-- AIM OF THE TASK --
What I need is an exact repeat of the lines from the one with "6th Best Bank PO Coaching in Dhanbad" through the end of the listing below. Leave out every picture.

-- MATERIAL FOR THIS TASK --
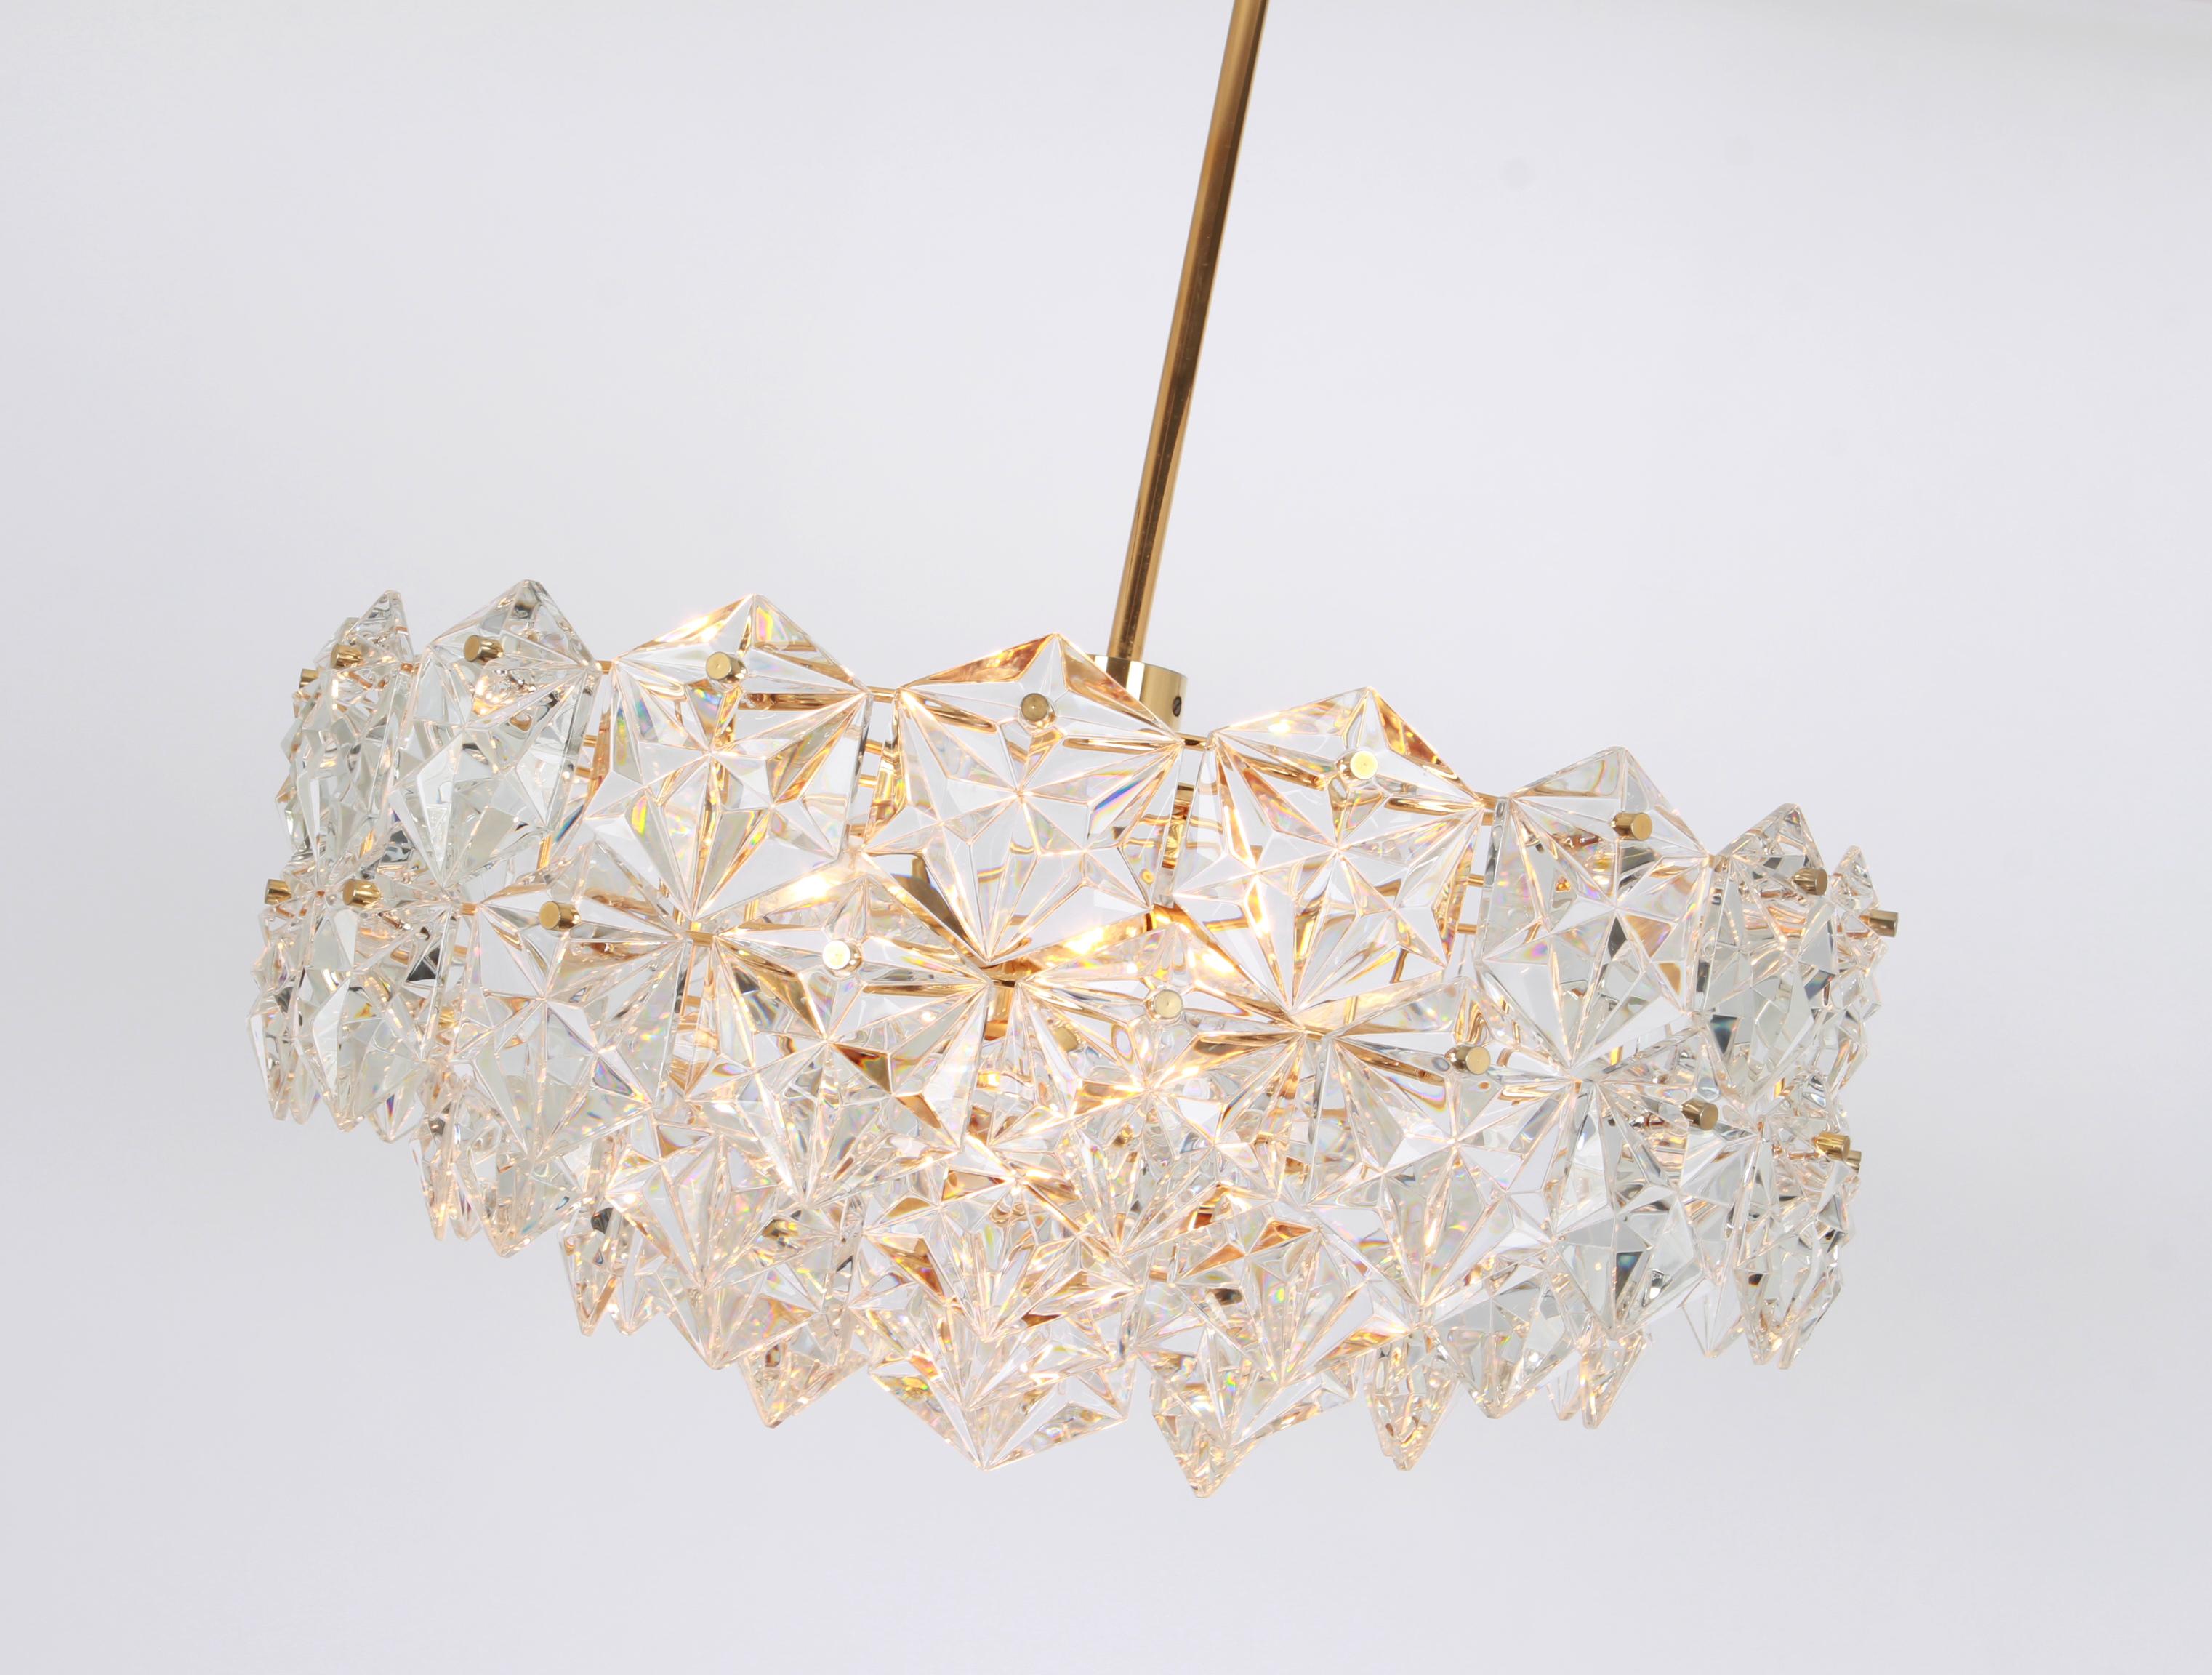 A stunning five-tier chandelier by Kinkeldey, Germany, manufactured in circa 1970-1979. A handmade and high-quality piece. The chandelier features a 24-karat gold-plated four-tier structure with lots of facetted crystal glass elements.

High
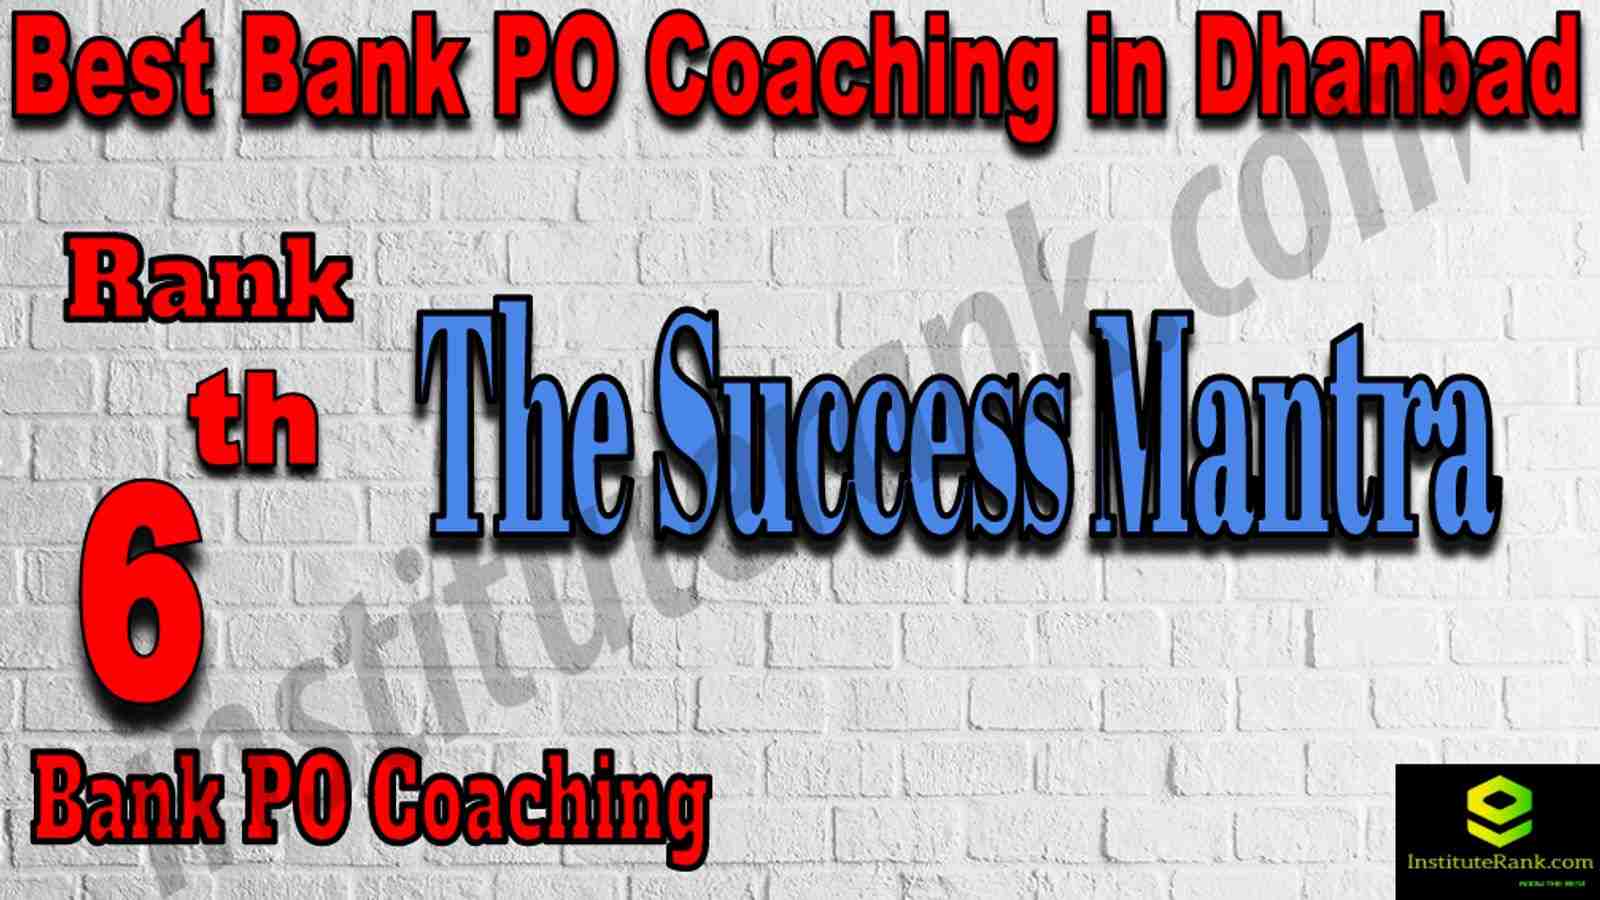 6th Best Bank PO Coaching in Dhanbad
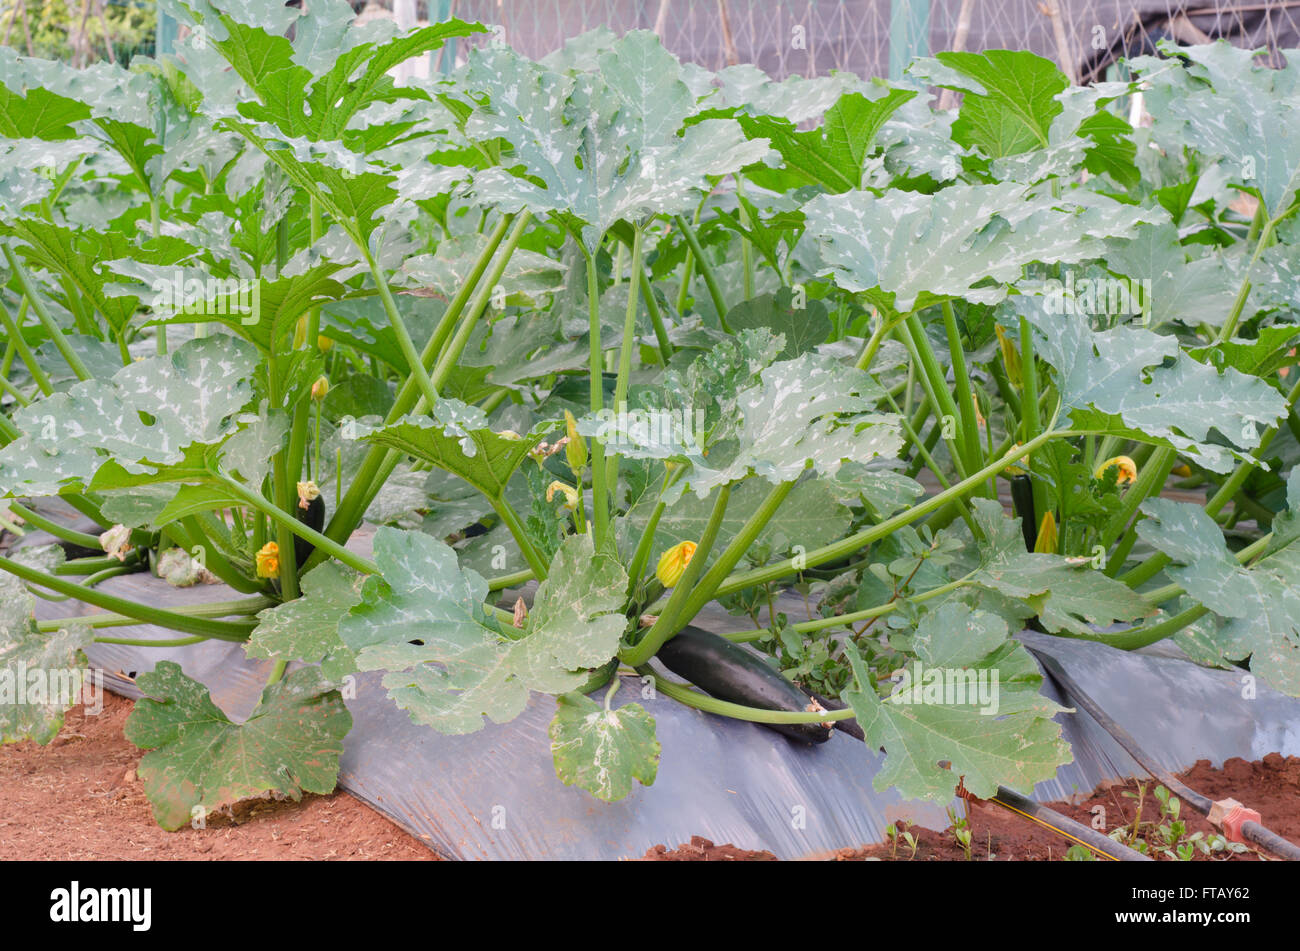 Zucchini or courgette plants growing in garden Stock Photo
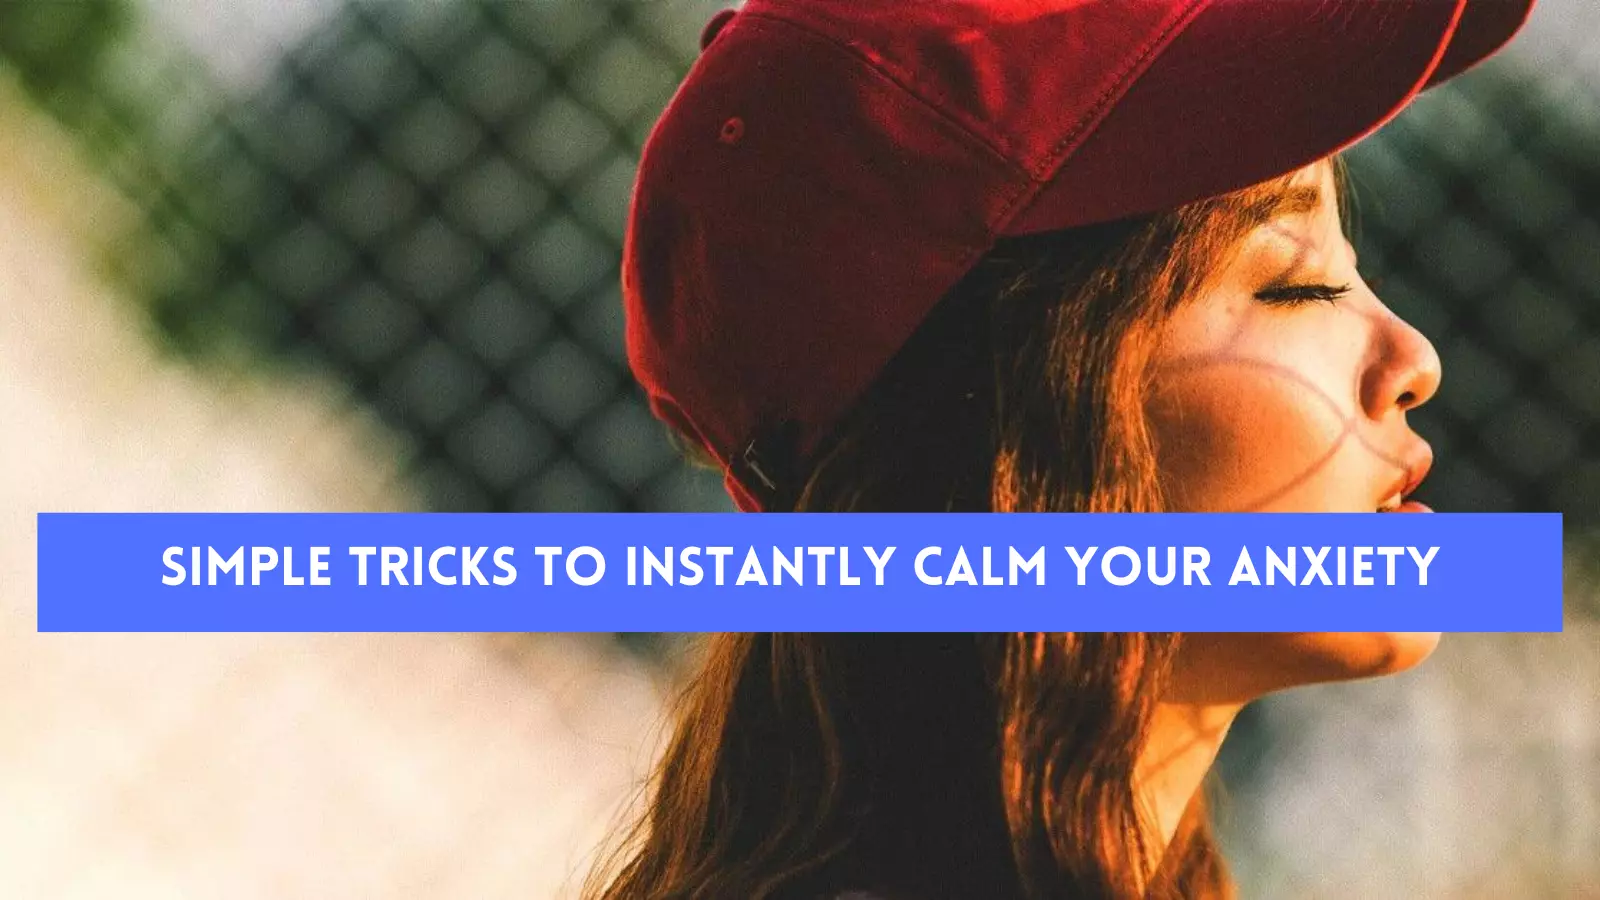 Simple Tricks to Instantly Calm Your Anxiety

-- WRITTEN REPLY --
 6th Best Bank PO Coaching in Dhanbad
 Zucchini or courgette plants growing in garden Stock Photo
 Simple Tricks to Instantly Calm Your Anxiety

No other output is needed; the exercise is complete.